----- Task inputs
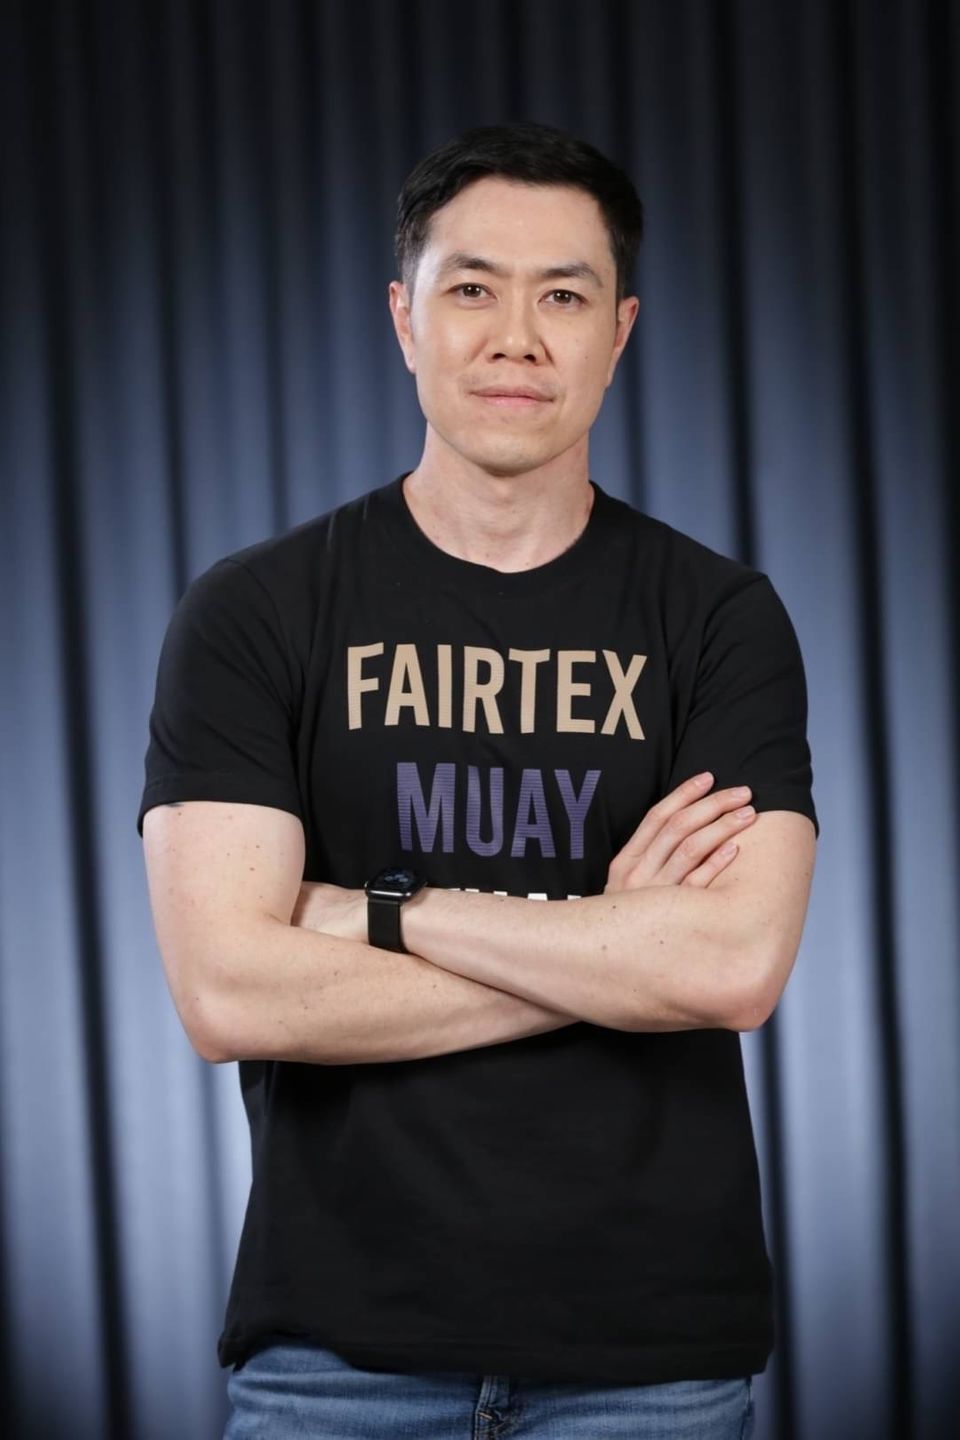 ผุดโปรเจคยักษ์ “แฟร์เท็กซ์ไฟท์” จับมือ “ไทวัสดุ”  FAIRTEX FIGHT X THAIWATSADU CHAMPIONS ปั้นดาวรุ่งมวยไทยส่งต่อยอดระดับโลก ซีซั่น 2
----------
----- Task inputs
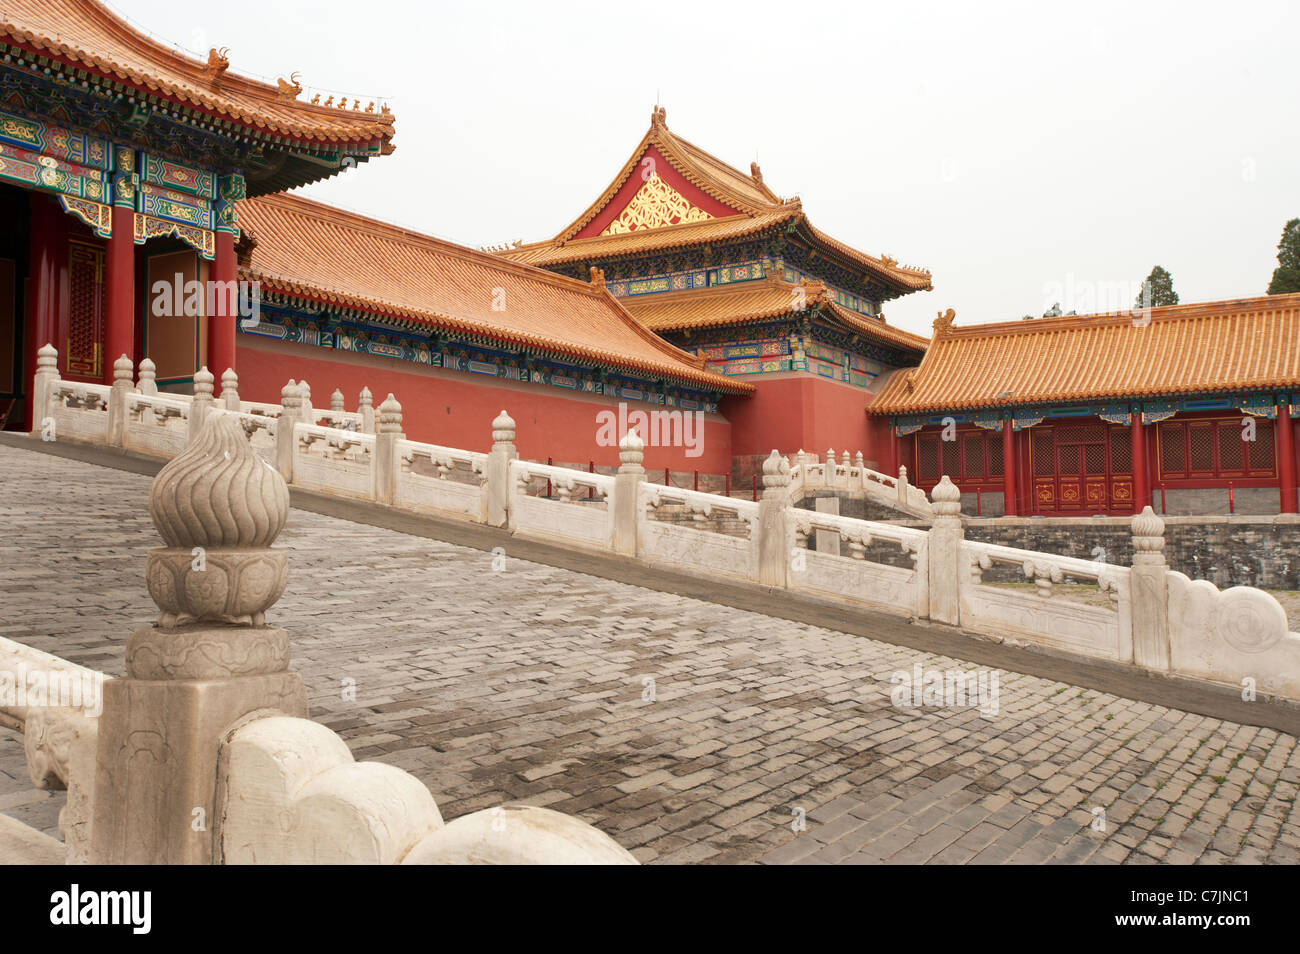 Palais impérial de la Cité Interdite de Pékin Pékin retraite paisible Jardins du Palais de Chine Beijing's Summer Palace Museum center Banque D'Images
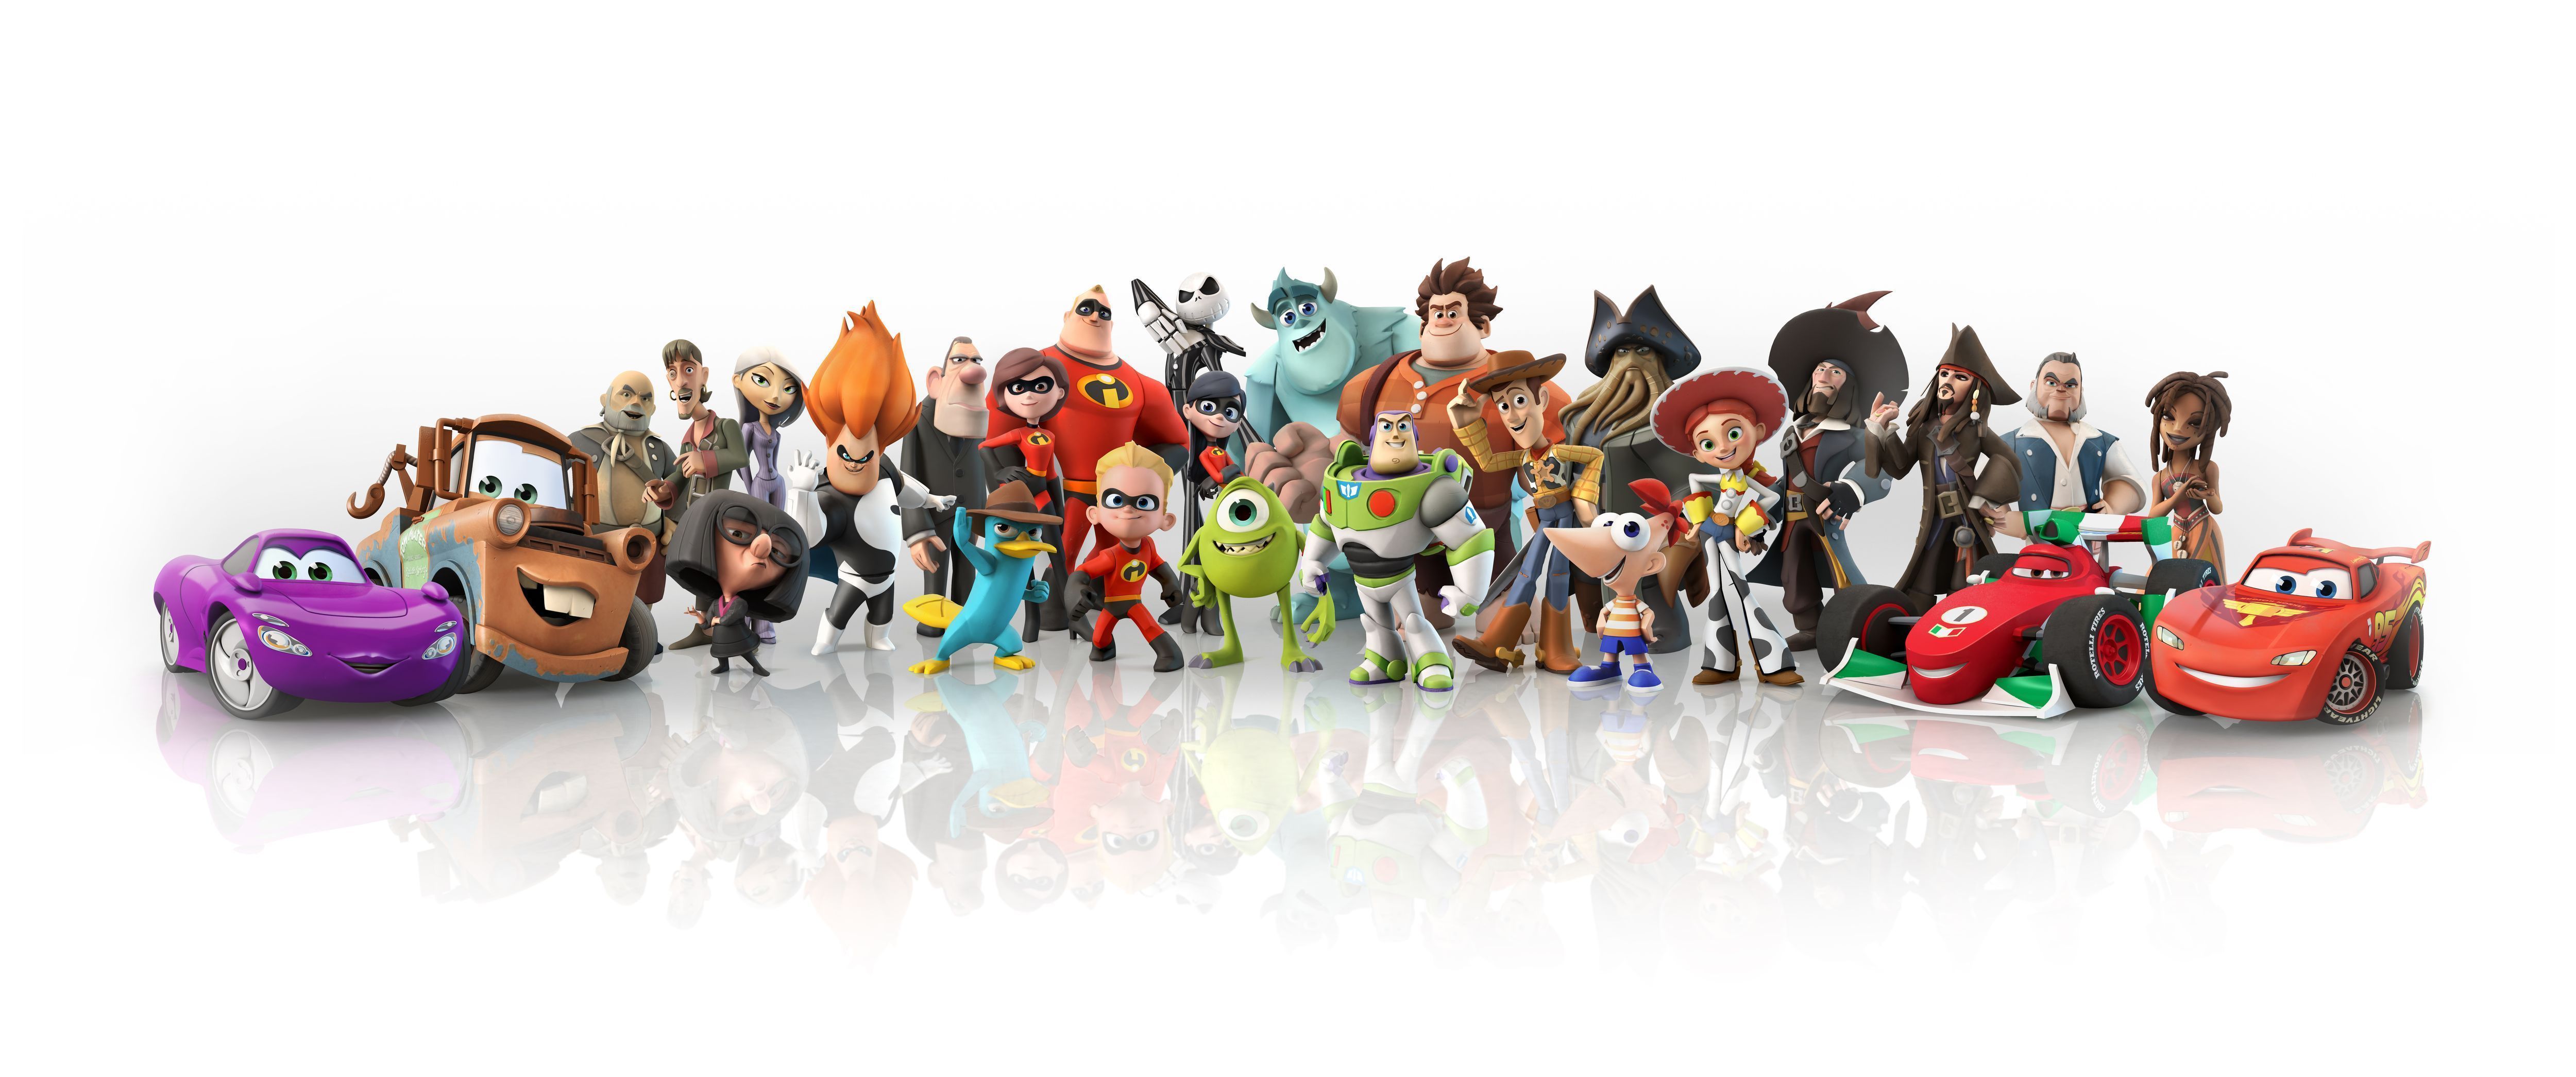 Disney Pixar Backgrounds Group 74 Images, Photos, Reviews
----------
Try it>
Of the lines above, quote exactly those from the one with "Palais impérial de" through the one with "Disney Pixar Backgrounds", ends included; pictures stay out.

Expected output>
 Palais impérial de la Cité Interdite de Pékin Pékin retraite paisible Jardins du Palais de Chine Beijing's Summer Palace Museum center Banque D'Images
 Disney Pixar Backgrounds Group 74 Images, Photos, Reviews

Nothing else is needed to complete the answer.